For many early adopters of Data Domain and other dedupe appliances, however, the pain relief doesn't last long enough; it's a bit like taking Tylenol for a toothache when what you really need is a root canal. The same can be said of first-gen dedupe appliances, which aren't powerful, scalable or flexible enough to be the end-all, be-all solution vendors tout.

Once the "appliance" pain reliever wears off, you realize something is missing. Could it be that Data Domain appliances are painfully slow on recovery? Or could it be that deduplicated data isn't preserved when archiving to tape, which requires time-consuming re-hydration? (By the way, does anyone really believe tape is completely going away? Or that Oswald really acted alone? I promise to cover at least one of these topics in an upcoming blog, so stay tuned.) Or could it simply be that costs quickly outpace the original value assumptions as soon as you scale beyond a couple boxes?
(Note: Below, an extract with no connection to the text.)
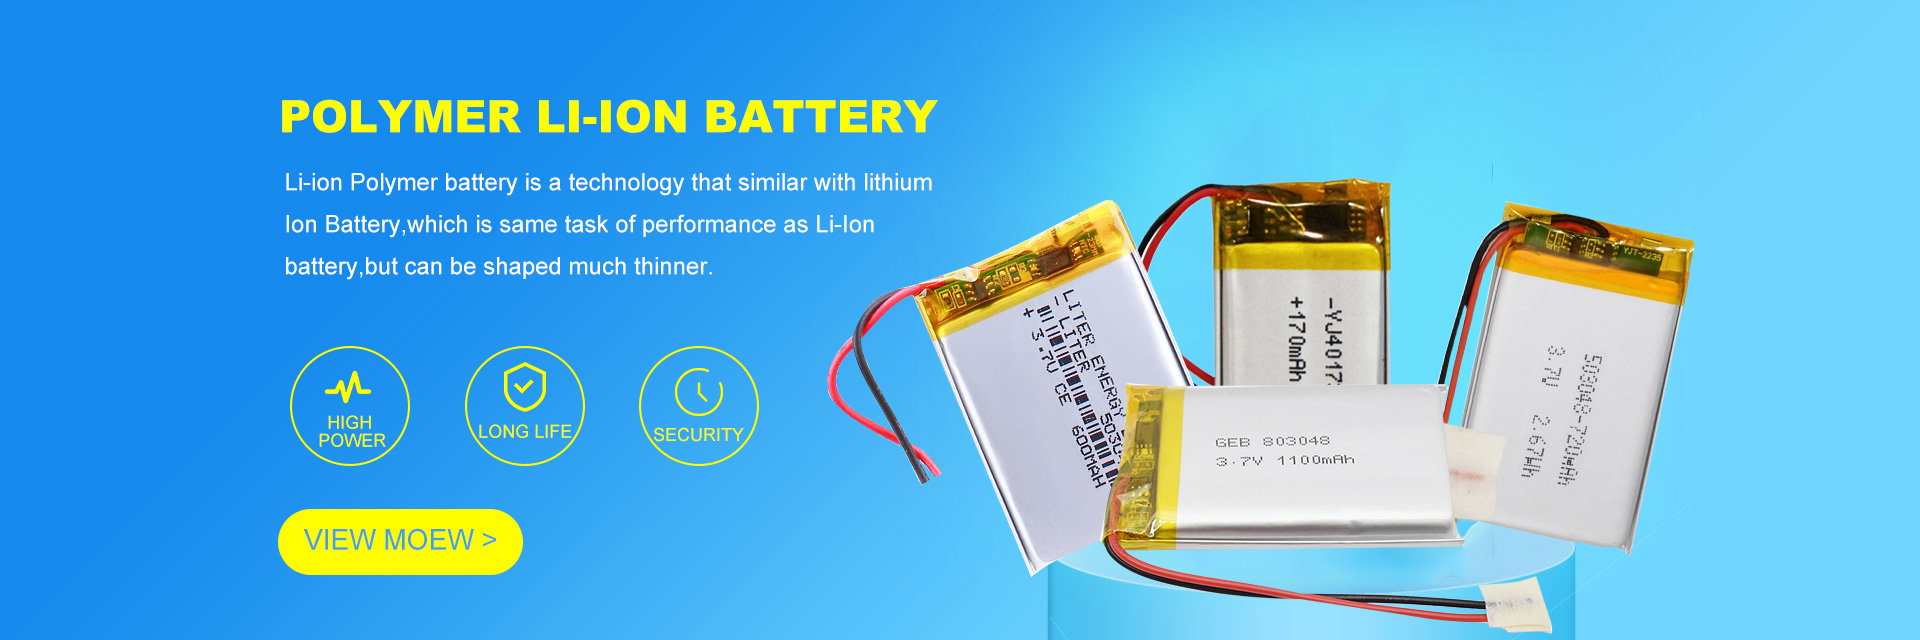 Polymer Li-Ion Battery Manufacturers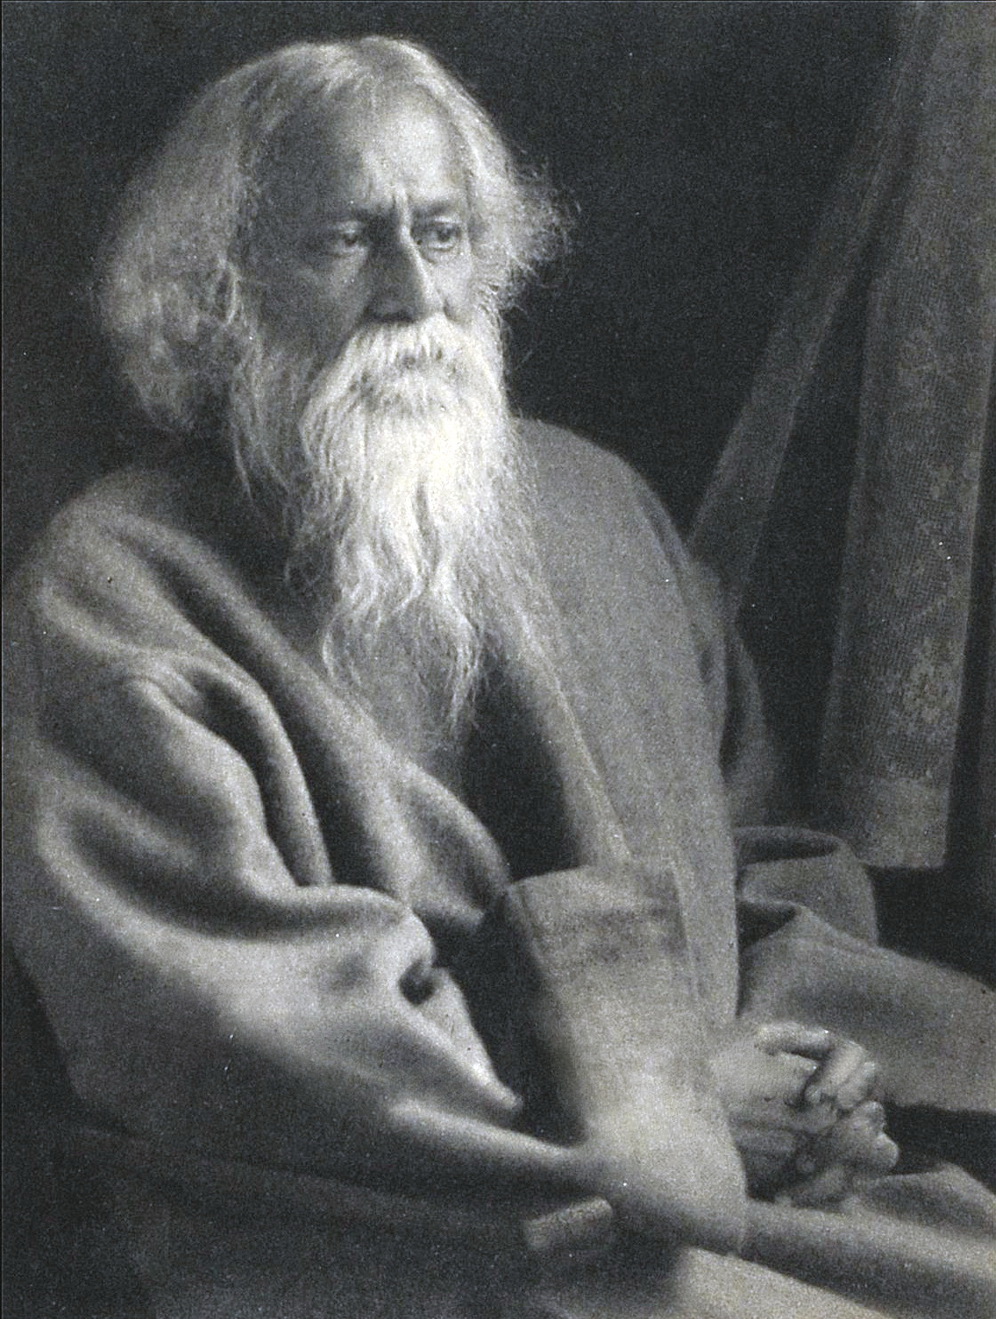 Rabindranath Tagore - 7. Mai 1861 - 7. August 1941

While dedupe is an absolutely necessary technology in reducing data to lower storage costs, HOW you go about doing it can make a big difference in terms of how much space you actually save. A smarter approach embeds deduplication in the data movement software–the "source" you might call it–as backup and archive software vendors control the "source copy" and therefore have the benefit of being both "content" and "application aware."

By living in the backup and archive software as a feature, embedded deduplication also offers functionality that extends across all backup and archive data sets and storage tiers, including disk and tape, as well as all data types, sources and platforms. The benefits are clear and compelling: broader scope of data reduction, faster recoveries, reduced network impact and more tiers of storage. And, the deduplicated data stays deduplicated when it is archived to tape. Ask some of the appliance dedupe vendors if their magic box can do that?

Software-based deduplication is better optimized for both data ingestion and recovery, yielding up to 50 percent faster restores than its appliance-based predecessors. That's because data reduction begins at the source, aka the client, and remains all the way to tape for long-term, low-cost archive storage. Deduplication with tape is a big plus as it reduces the footprint for long-term vaulting or compliance copies by up to 90 percent. In contrast, Data Domain's bold "tape sucks, move on" marketing mantra conveniently (for them) dismisses tape altogether in their overarching preference for disk-based backup, recovery and retention. I think this view, which other providers of first-gen dedupe appliances also take, fundamentally ignores the truth. As one of my colleagues recently told me, when you have a one-trick pony, it's a good idea to keep the blinders on.

What do you think? Do you think it's realistic to not include tape as part of a dedupe system? Are you ready to be locked into a rigid approach? What kinds of problems could global, embedded deduplication software solve for you?